Madison firefighters and an amplified Woody Guthrie who is featured on the cover of the latest issue of Rolling Stone magazine?
Absolutely. It's right in tune with the struggle that Wisconsinites have engaged in for the past seven months.
This is the new solidarity, crossing lines of class, politics, ideology and musical genre. And Morello has understood from the day, last February, when he rallied the tens of thousands of protesters outside the state Capitol in Madison. "I've played hundreds and hundreds of demonstrations but I've never been in the middle of anything like this," Morello told me the other day, when we talked about his planned return to Madison for the Labor Day show at the Barrymore Theatre with McIlrath, Kramer and other musicians as part of a Justice Tour that will go on to the battleground states of Ohio and Michigan. "The people of Wisconsin are forming one of the last lines of defense against complete corporate control.

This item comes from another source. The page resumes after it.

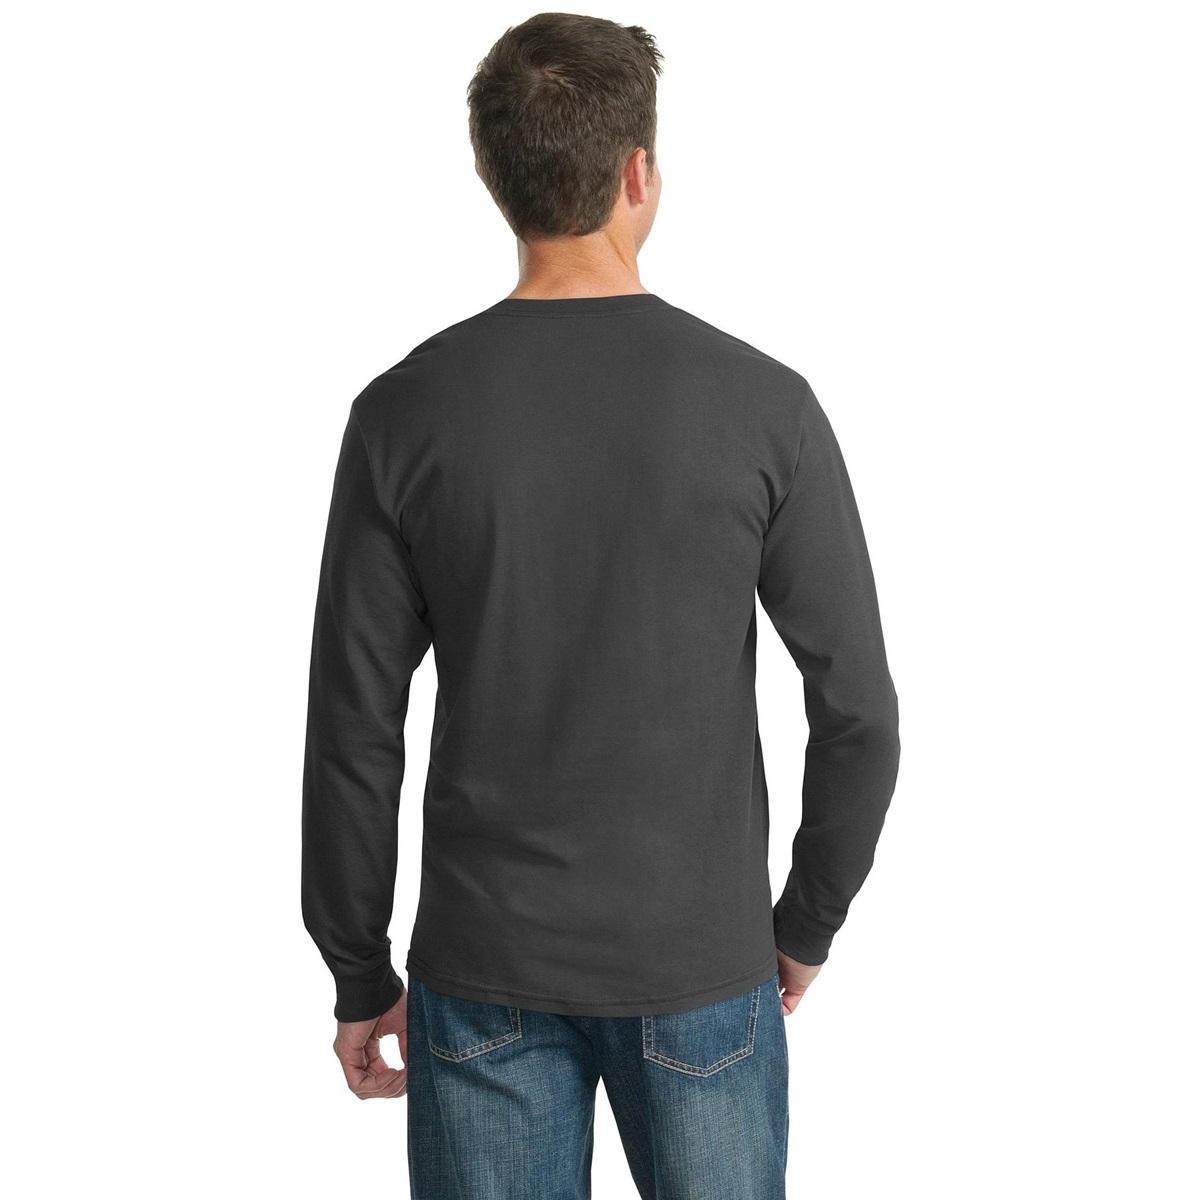 Jerzees 29LS Heavyweight Blend Long Sleeve T-Shirt - Charcoal Grey ...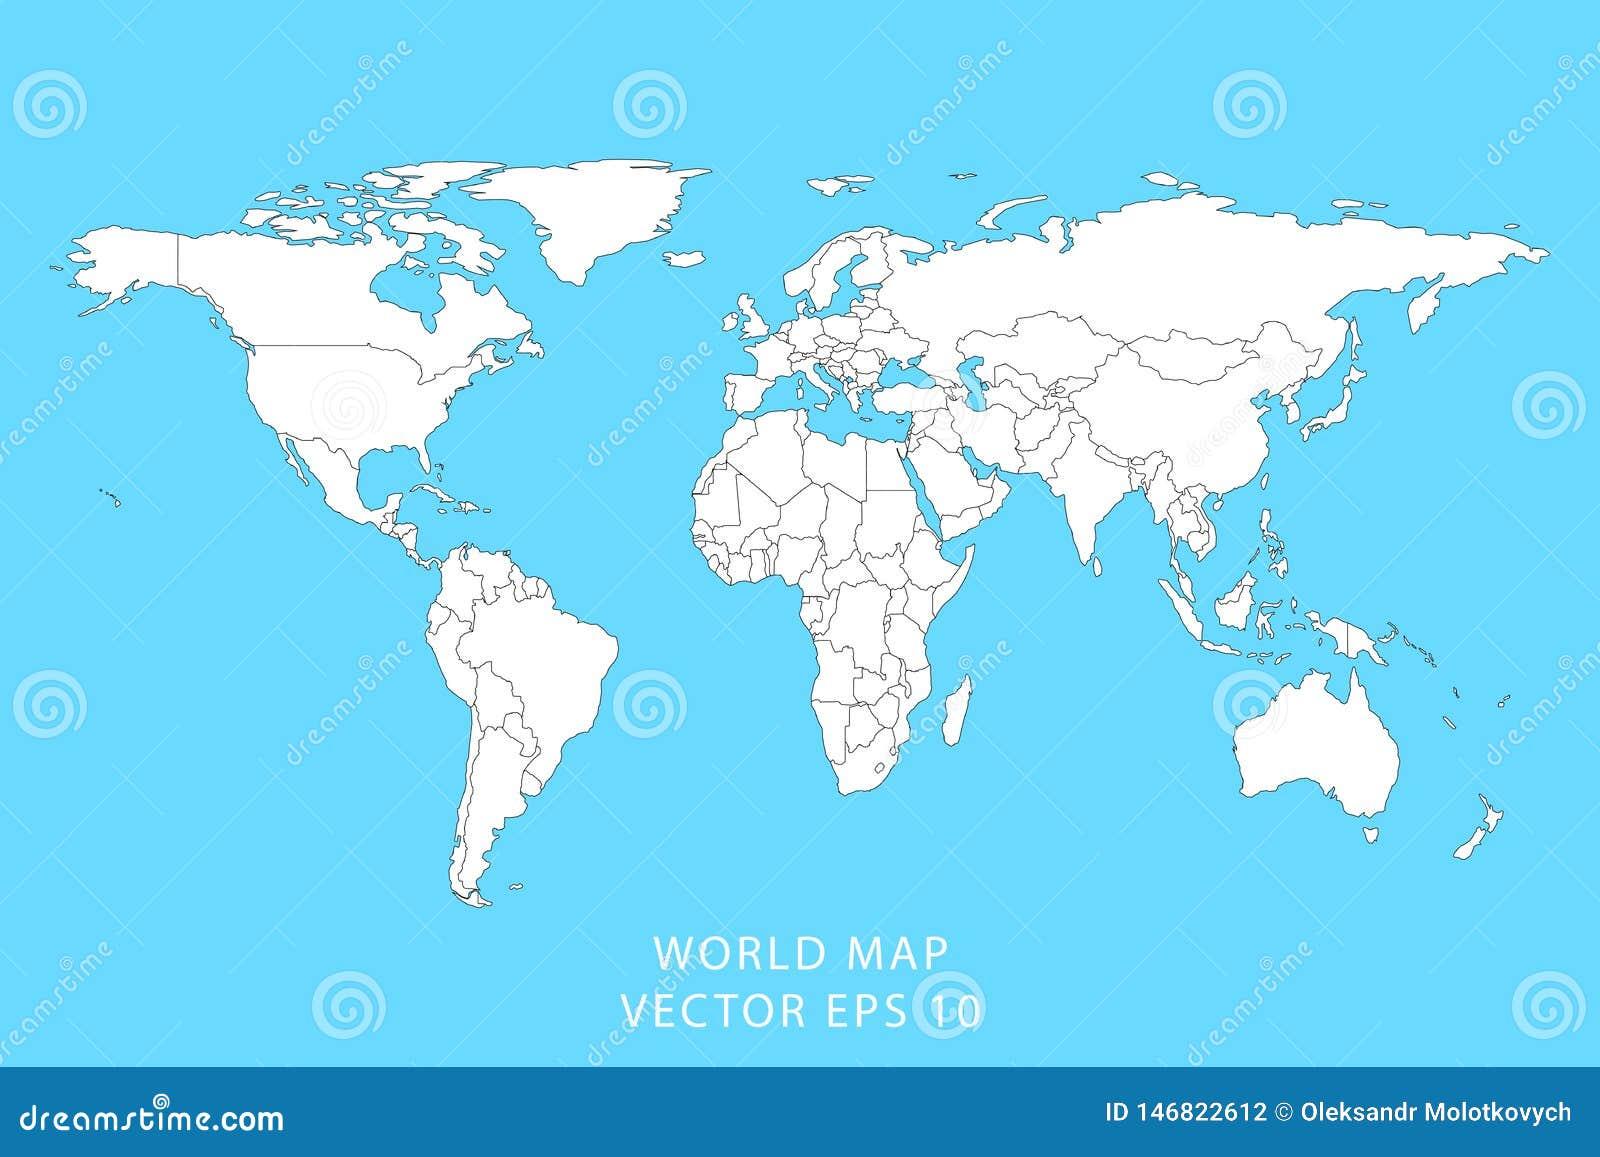 gedetailleerde wereldkaart met grenzen staten ge

There's a vicious class war going on, but only one side was fighting it -- the billionaires and the politicians they prop up. There wasn't a fightback, at least not a sufficient fightback, until Wisconsin."
Back in February and March, the Local 311 bagpipers were on the front line as they led marches on the Capitol in defense of labor rights and local democracy -- and against the corporate cronyism of Governor Scott Walker. For some of the largest protests, they were joined by pipers from across the state who played the ancient instrument of popular insurrection.
Morello's instrument is different. He plays the guitar, so brilliantly that, with Rage Against the Machine, he won two Grammy Awards and was nominated for five more. He's been to the top of the Billboard charts with Rage and Audioslave.